» **Exercise input**:

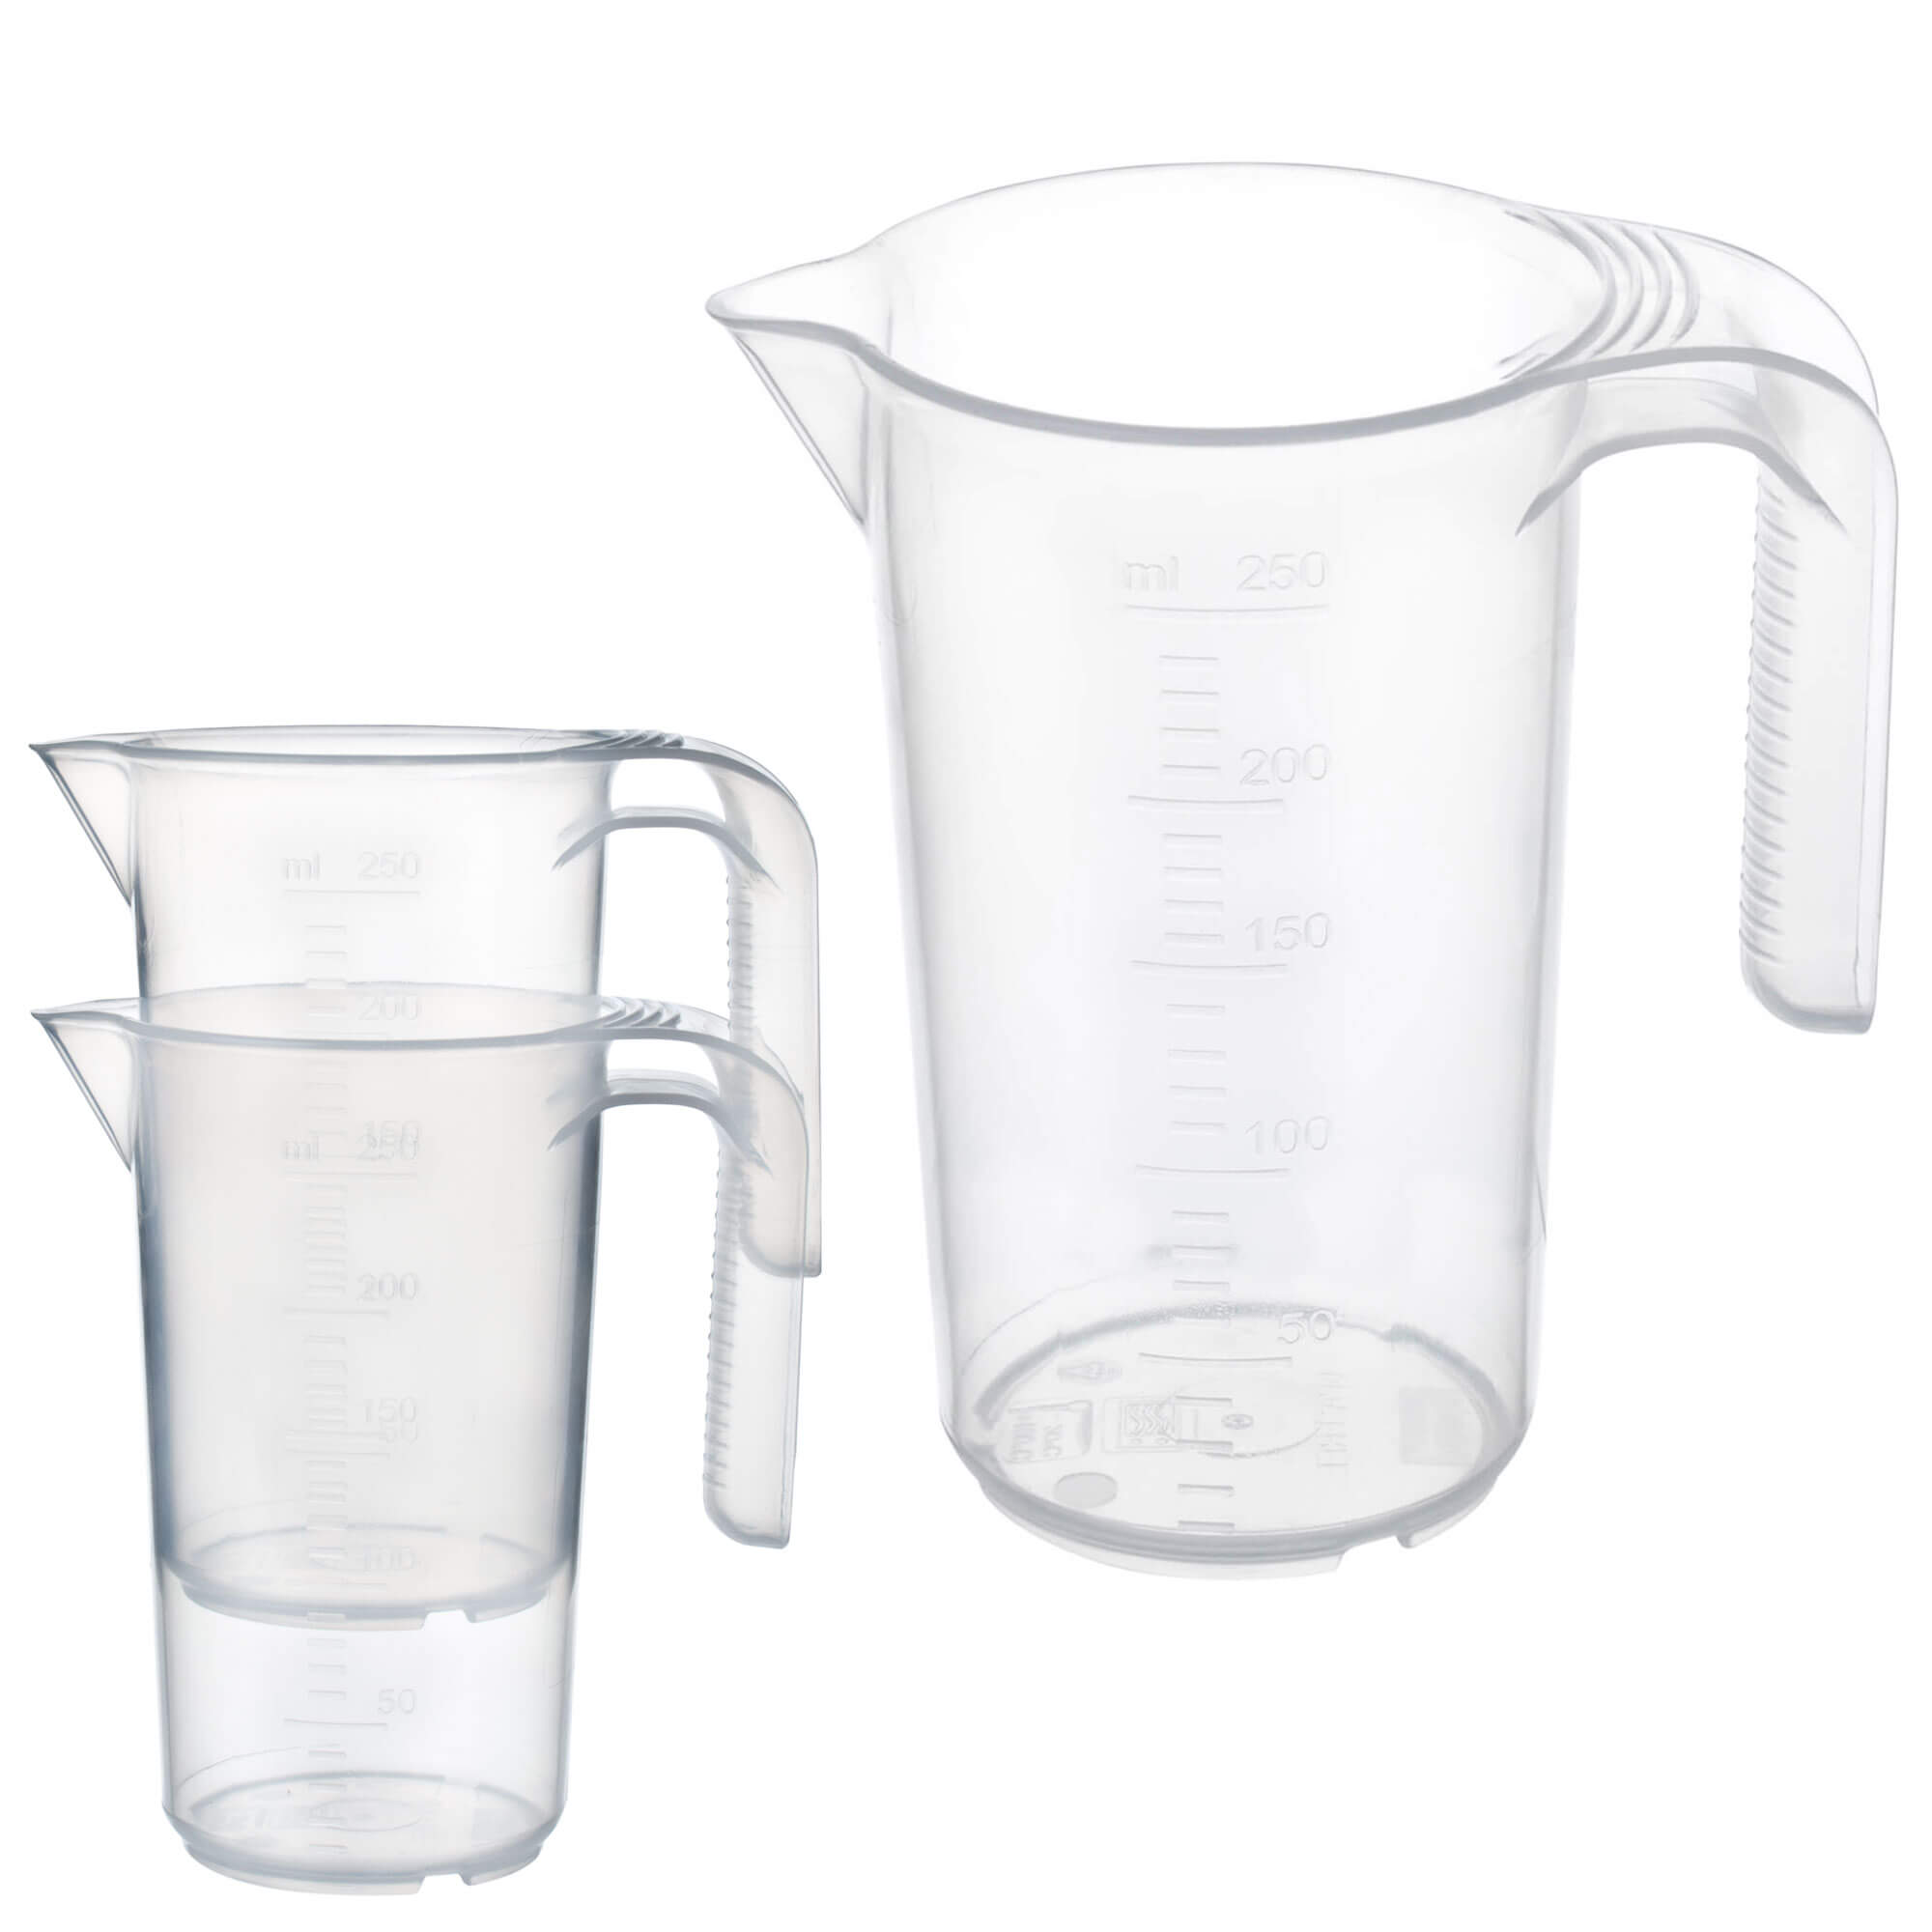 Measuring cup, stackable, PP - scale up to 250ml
--
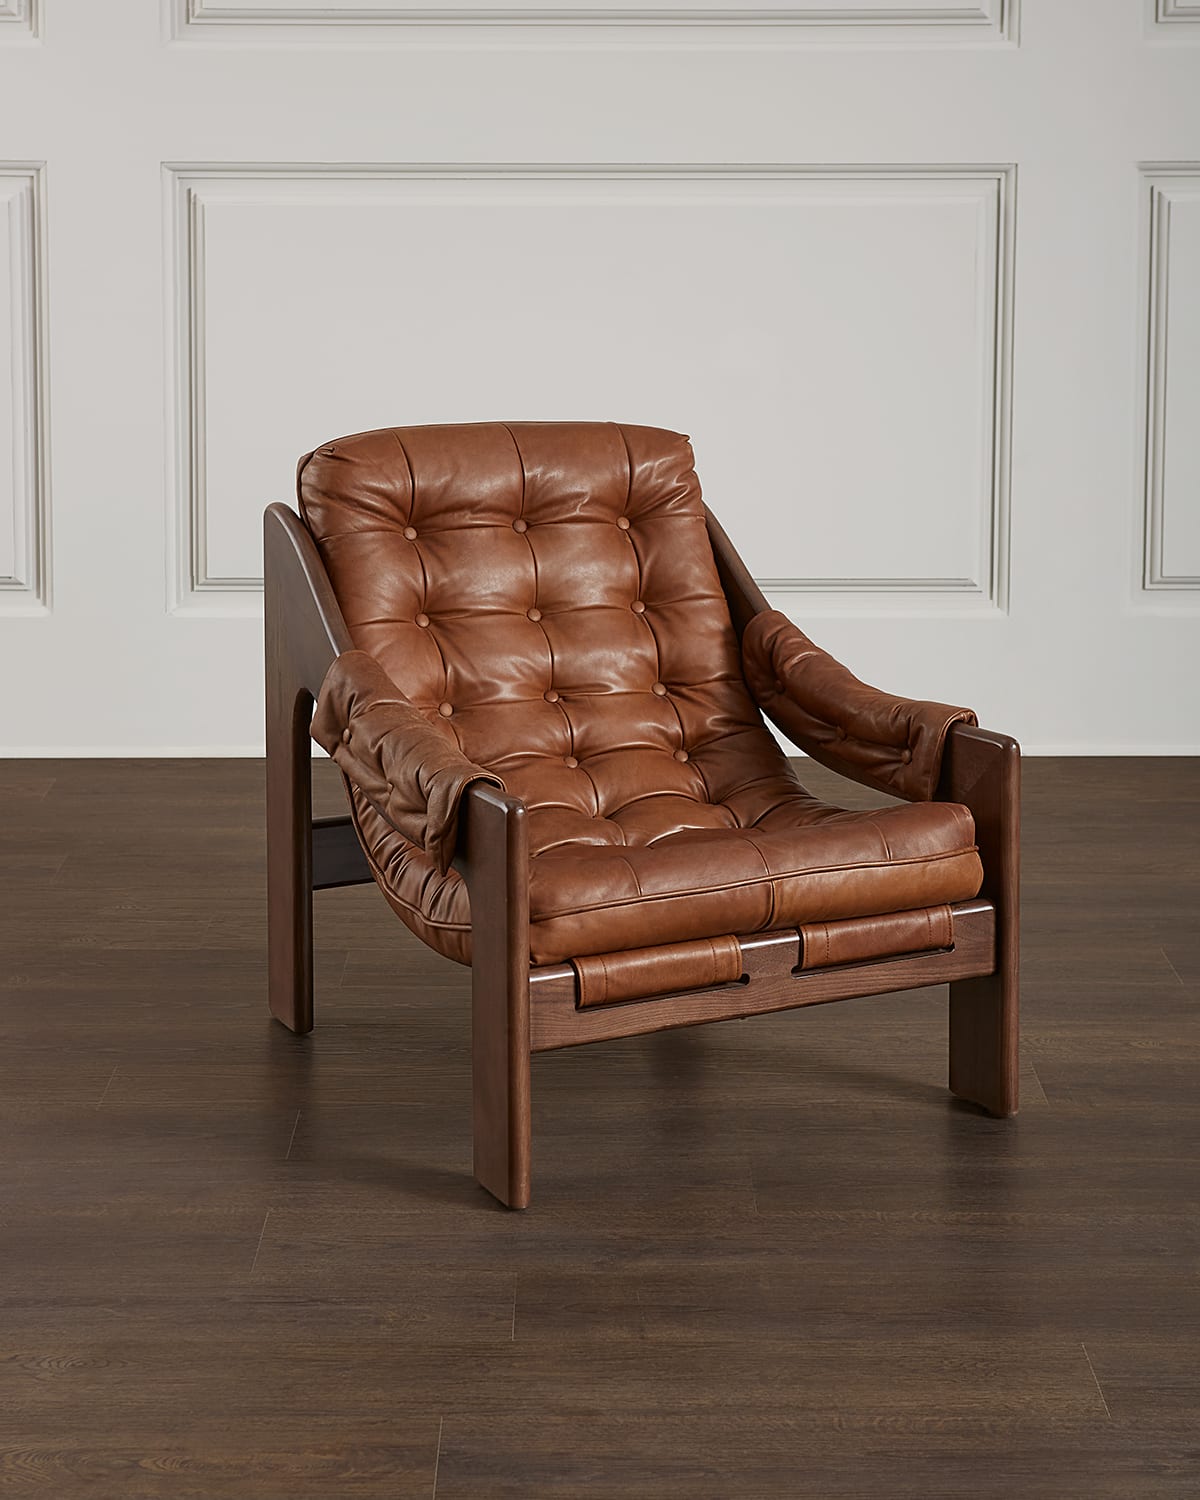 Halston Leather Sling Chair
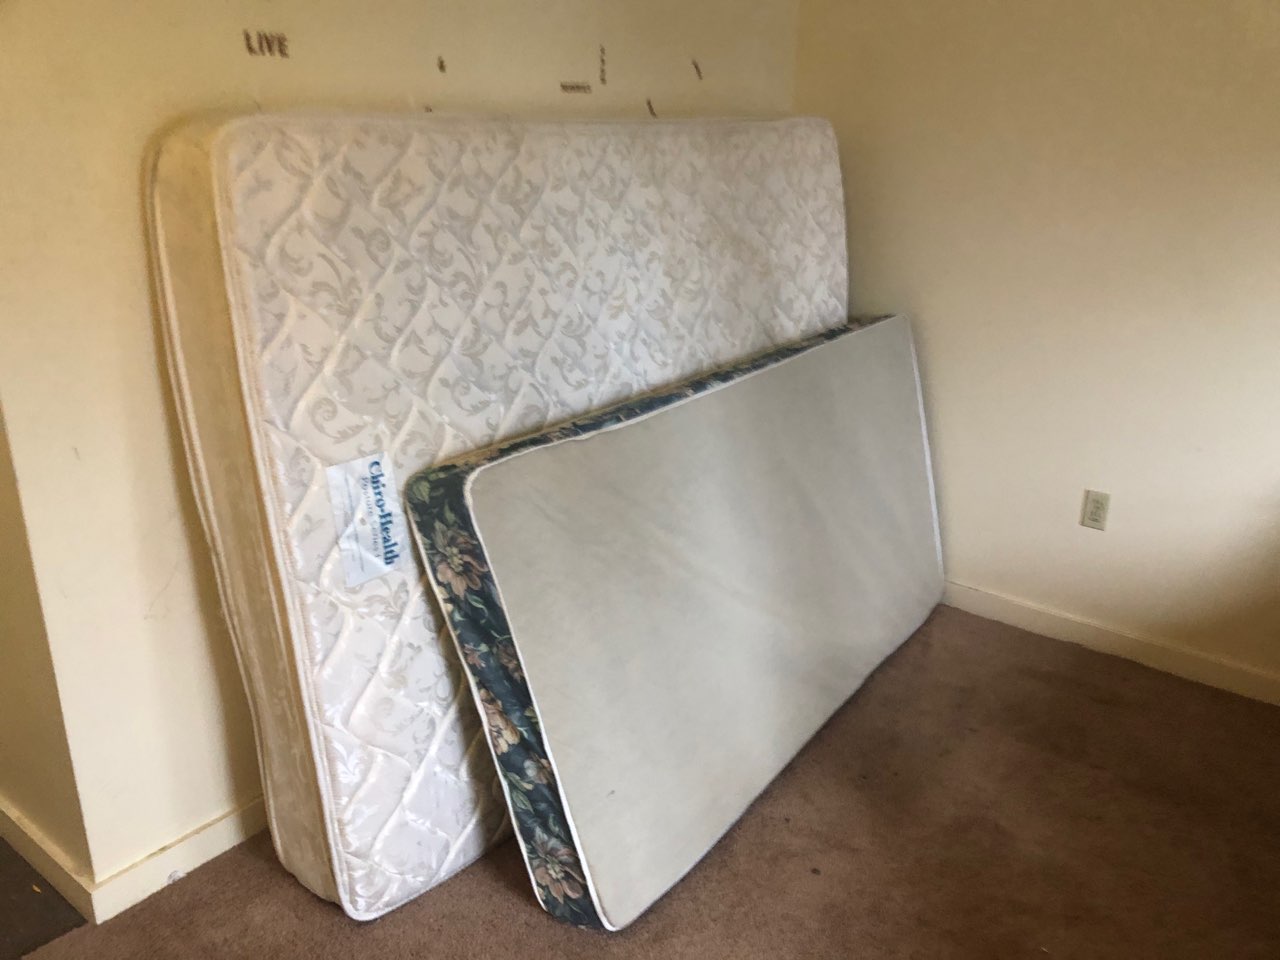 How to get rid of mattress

» **Task statement**:
Starting at the line containing "Halston Leather Sling Chair" and finishing at the line containing "How to get rid of mattress", return those lines exactly as they appear above, without the pictures.

» **Problem solution**:
 Halston Leather Sling Chair
 How to get rid of mattress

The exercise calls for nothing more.